XCP-ng 7.5 - MegaRAID SAS 9240-8i hang/reboot issue.
-
@r1 Any Kernel upgrade is a pain, regardless how seamless some distros try to make it. I've been using XS for years and it's always been rock-solid in my production environment. This is the first time I've ever experienced a critical issue. Unfortunately it translates to an unstable system, so there is no telling when the machine is going to suffer a "critical-error" and hang at reboot.
My low-level familiarity win XS/XCP-ng does not extend to the depth where I would attempt a self-guided kernel upgrade, however if there is a development fork where they are testing the 4.14 or 4.15 kernel, I would be inclined to evaluate it.
-
@olivierlambert said in XCP-ng 7.5 - MegaRAID SAS 9240-8i hang/reboot issue.:
- Same issue with XenServer 7.5?
YES! (Just got around to testing it.)
-
Let us see if a newer kernel would help. There is also an option of back porting the newer driver to older kernel with possible code changes. Both will be experimental though!
-
Same thing happens in XS 7.6 "upgrading" from XS 7.5. Interenstingly enough post upgrade, the upper-left corner says Xenserver 7.5 but the stats field and Xencenter report 7.6.

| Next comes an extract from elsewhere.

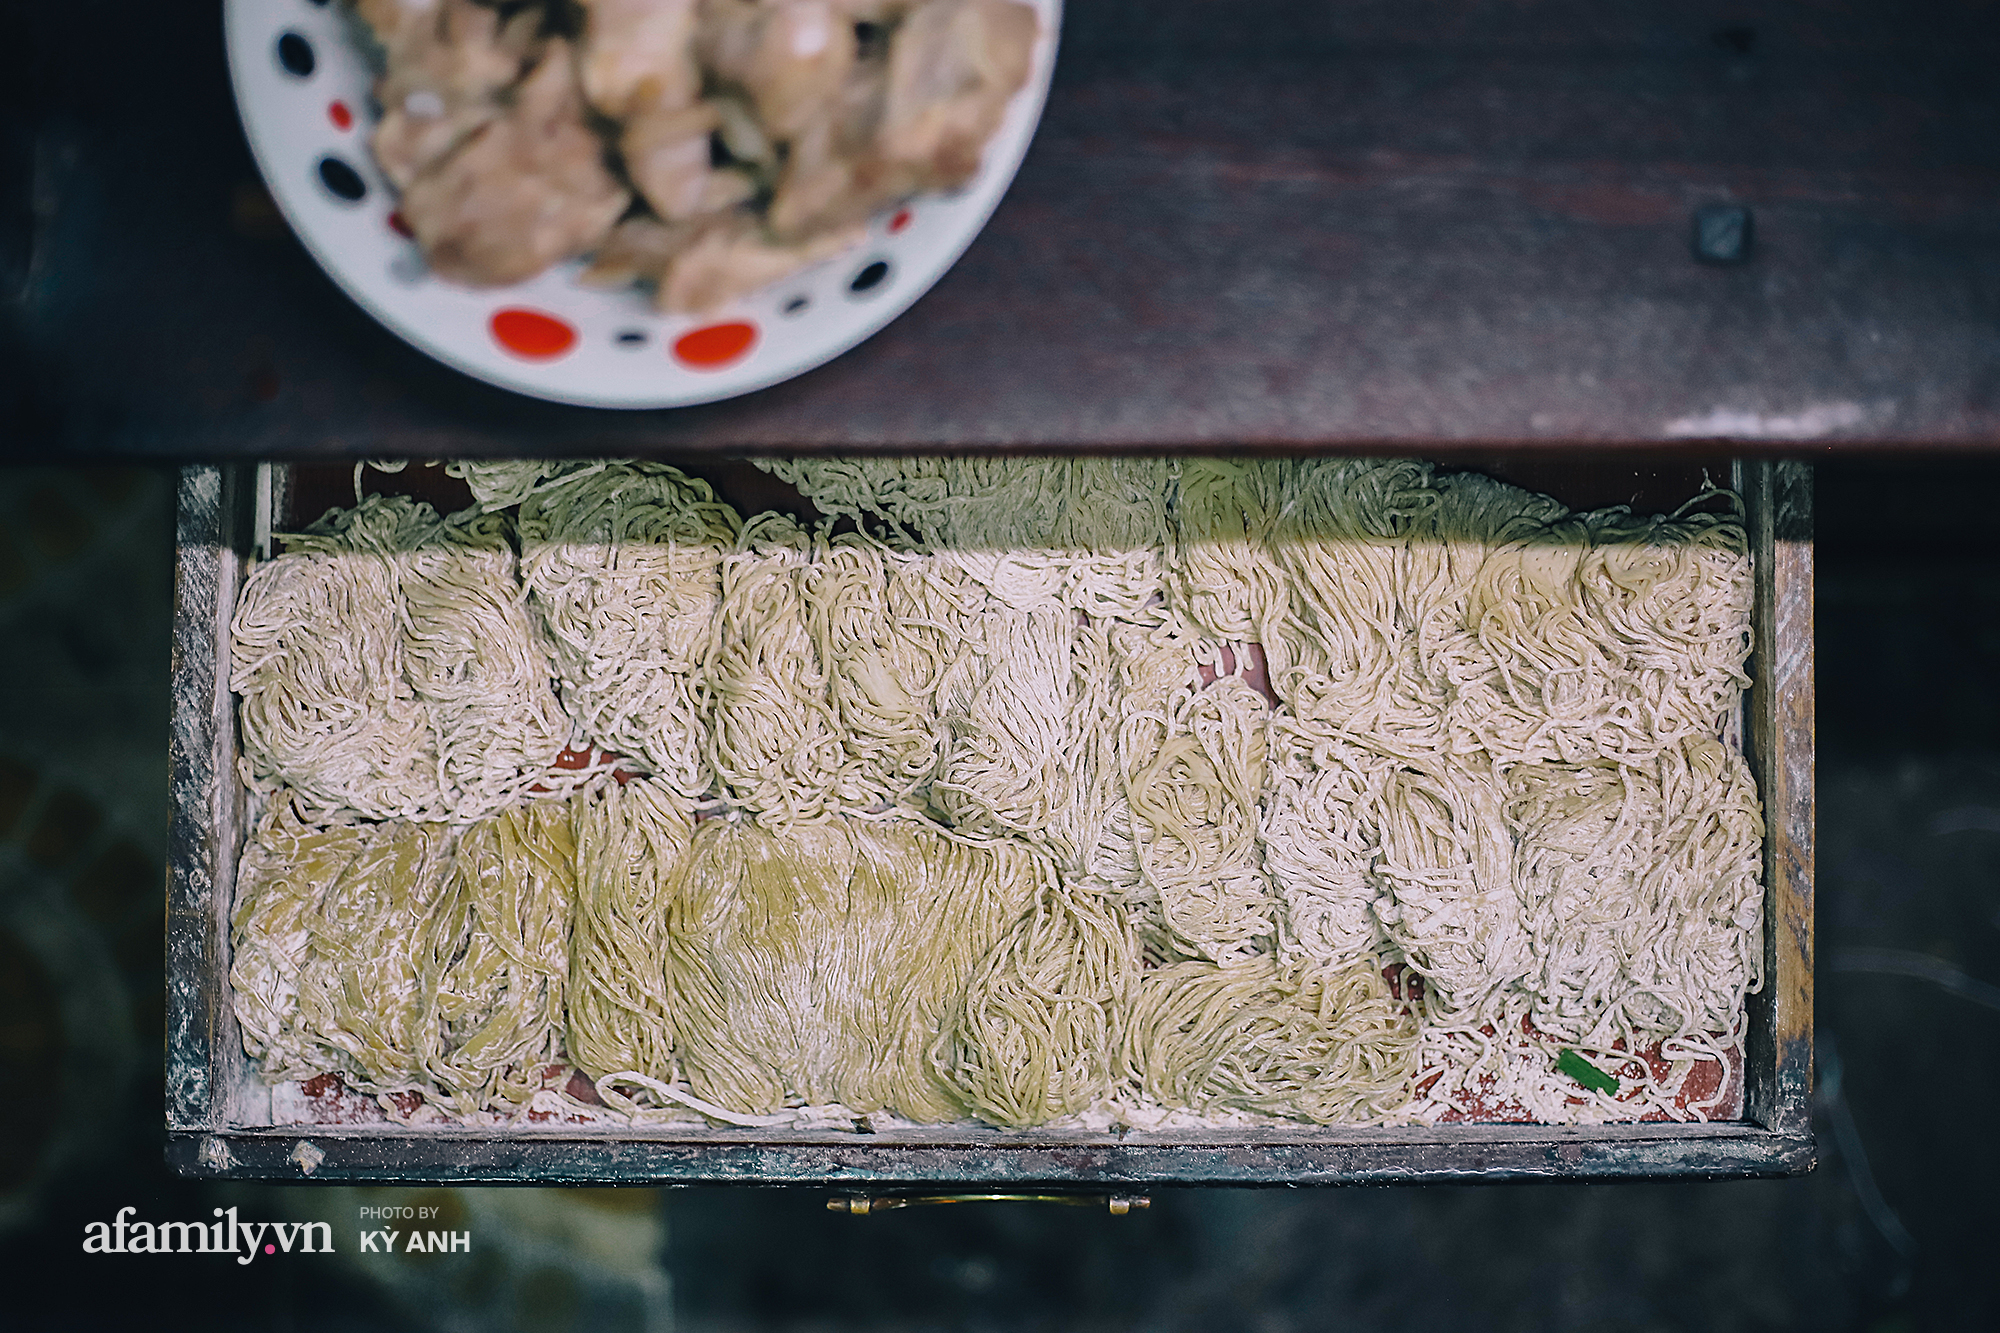 Tiệm mì 60 năm không ngủ của 3 thế hệ người Hoa ở Sài Gòn, mỗi đêm bán 600 vắt mì, 6kg hoành thánh, khách ra vào liên tục 3 người bán không xuể - Ảnh 3.

Same thing happens in a clean installation of XS 7.6 too. -
@mpyusko Let me see if we can build driver 07.703.05.00-rc1 for your XCP-NG 7.5/6, will let you know if it becomes available.
-
@mpyusko Please get the driver from link and
[root@xcp-ng-rjv ~]# yum install megaraid_sas-07.703.05.00-1.x86_64.rpm
[root@xcp-ng-rjv ~]# rmmod megaraid_sas
[root@xcp-ng-rjv ~]# modprobe megaraid_sas
Then check for your lspci.
// Additional info
[root@xcp-ng-rjv ~]# modinfo /usr/lib/modules/4.4.0+10/weak-updates/megaraid_sas/megaraid_sas.ko filename: /usr/lib/modules/4.4.0+10/weak-updates/megaraid_sas/megaraid_sas.ko description: Avago MegaRAID SAS Driver author: megaraidlinux.pdl@avagotech.com version: 07.703.05.00 license: GPL srcversion: 2A8AB66F9A16F0542FC2173
-
For the record...
@mpyusko said in XCP-ng 7.5 - MegaRAID SAS 9240-8i hang/reboot issue.:
Same thing happens in XS 7.6 "upgrading" from XS 7.5. Interenstingly enough post upgrade, the upper-left corner says Xenserver 7.5 but the stats field and Xencenter report 7.6.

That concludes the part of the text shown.